А там они, значит, забегают перед работой в кафе. Другая планета, я же говорю.
В самом кафе тоже было очень интересно. Официантки ничего не записывали, хотя все кругом заказывали разное. Слава богу, кофе было только два сорта – melna и balta, кофе черный и кофе белый, то есть со сливками. Но, кажется, можно было взять маленькую чашку или большую. Зато всякой выпечки было двадцать сортов. И вот эти немолодые официантки выслушивали «два больших черных, один большой белый и один маленький, эклер с заварным кремом, эклер с белым кремом, корзиночка и картошка» и столь же разнообразный заказ с другого стола, и с третьего, и убегали на кухню и через две минуты возвращались с подносами, и раздавали кофе и пирожные в точном сответствии с заказами. Потрясающе.
Эффект незавершенного действия, вот как это называется.
Наверное, в таком же кафе, но не в Риге, а в Берлине, в 1924 году сидела студентка Блюма Зейгарник вместе со своим научным руководителем Куртом Левином. Она удивилась, как точно официанты запоминают заказы. Решила проверить: неужели у них такая уникальная память? Может быть, в эту кофейню только таких и берут? Спросила официанта о прошлых заказах – он ничего не помнил. Как только с ним расплачивались – тут же забывал. А пока не расплатились – крепко держал в голове. Не нарочно держал, каким-то там невероятным усилием памяти, а так, само помнилось. Студентка Блюма Зейгарник провела специальные эксперименты и доказала, что незавершенное действие запоминается почти в два раза (если точно, то в 1,9 раза) лучше, чем завершенное. Эффект Зейгарник. Классика психологии.
У меня есть книга, подаренная Блюмой Вульфовной. Но не учебник «Основы патопсихологии», а сборник стихов Рильке на немецком.
Сейчас новое кафе «Старая Рига» переехало на улицу Вагнера – это недалеко. Там уже многое не так. Например, кофе десяти сортов, как положено в любом сетевом «Кофе-хаузе», а в старое время было только два, я говорил… Официанток в новой «Старой Риге» тоже нет.
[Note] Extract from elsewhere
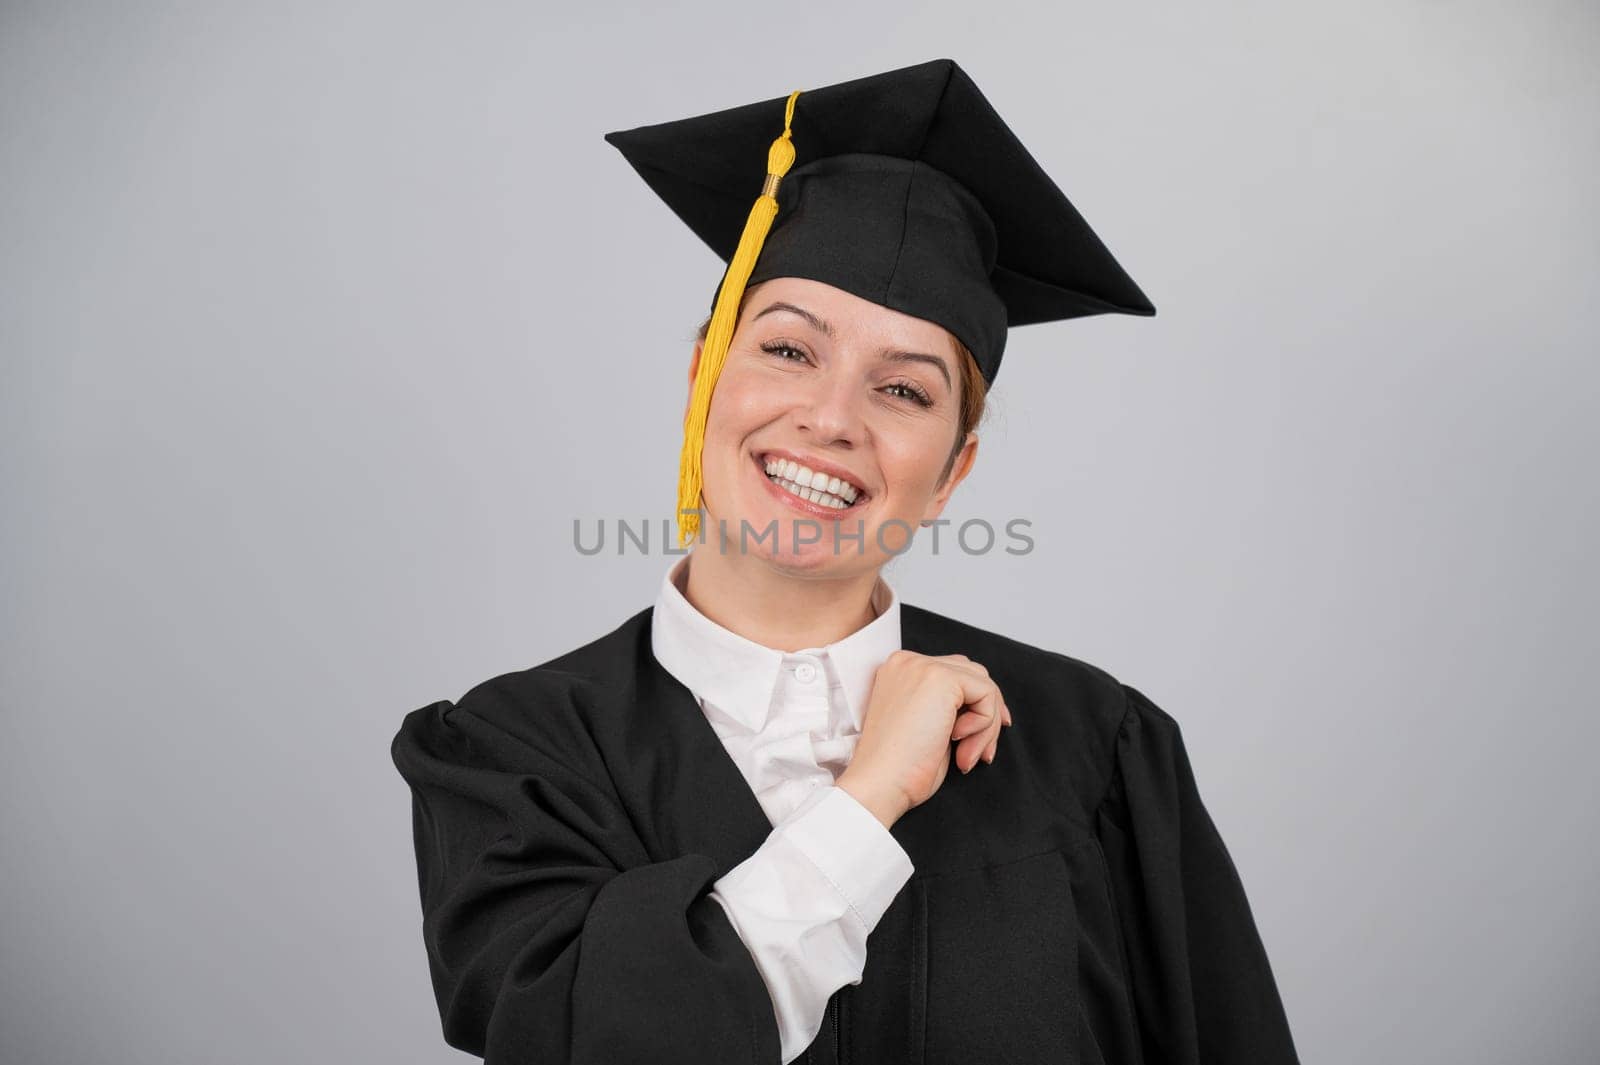 Smiling woman in graduation gown on white background. by mrwed54

Кофе и пирожные надо брать у стойки, так что нет никакой возможности полюбоваться восхитительной памятью рижских подавальщиц. Но одно осталось неизменно – это кафе для дам среднего и выше среднего возраста.
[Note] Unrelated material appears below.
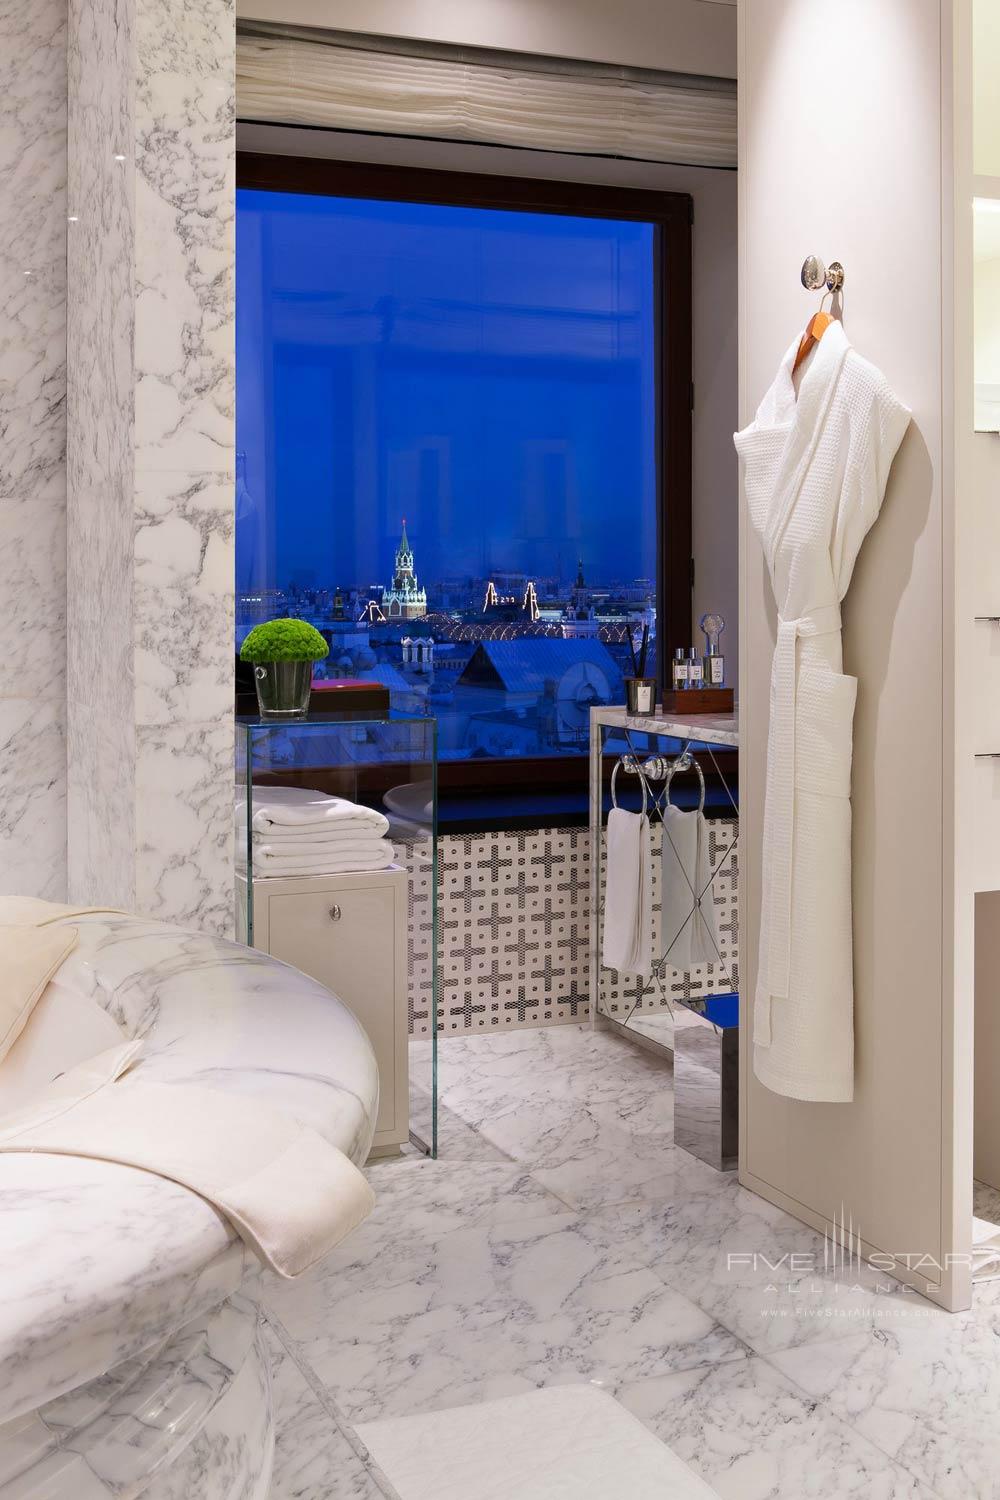 Penthouse Suite Bath at Ararat Park Hyatt Moscow, Moscow, Russia

Мама и Тася взяли меня в кафе, потому что я был еще маленький мальчик. А когда я уже сейчас рассказал своему рижскому приятелю, что вот, мол, мы с Олей были в кафе «Старая Рига», он спросил: «А ты-то что там делал? Это же дамское кафе». Я вспомнил: действительно, там кроме меня не было ни одного мужчины. Но и ни одной молодой женщины тоже, ни одной девушки. Молодежь ходит в совершенно другие места. А посетительницы «Старой Риги», мне кажется, чуть-чуть законсервированы, похожи на тех дамочек, которых я видел там полвека назад.
Но, может быть, мне это только показалось.
А вот знаменитого, воспетого поэтами кафе «Луна» в Риге больше нет. Ну, может быть, есть, но где-то в другом месте, далеко, и это уже не та «Луна». Та «Луна» была через другую улицу от гостиницы «Рига». Это было чудесное двухэтажное кафе. Днем приходили семьи пообедать, а вечерами собиралась артистическая, в широком смысле слова, молодежь – бородатые парни в вязаных свитерах и девушки в таких же вязаных платьях. Я там не был вечером – мал был еще. И знаю об этом со слов своих старших приятелей.
Сейчас там «Макдоналдс».
Дочь писателя
Один раз, когда мы с Олей ехали в Ригу из Юрмалы, с нами рядом на соседней скамейке ехала – а до этого вместе с нами покупала билет на 12:07 – молодая женщина с чемоданом на колесиках. Наверно, у нее кончился срок отдыха.
Одинокую женщину на отдыхе жальче, чем одинокого мужчину. Хотя, конечно, бывает по-разному. Но всё равно жальче. Я вспомнил дочку писателя Полубаринова. Это была странная история. Вернее, совсем не странная и даже не история, а просто кусочек курортной жизни.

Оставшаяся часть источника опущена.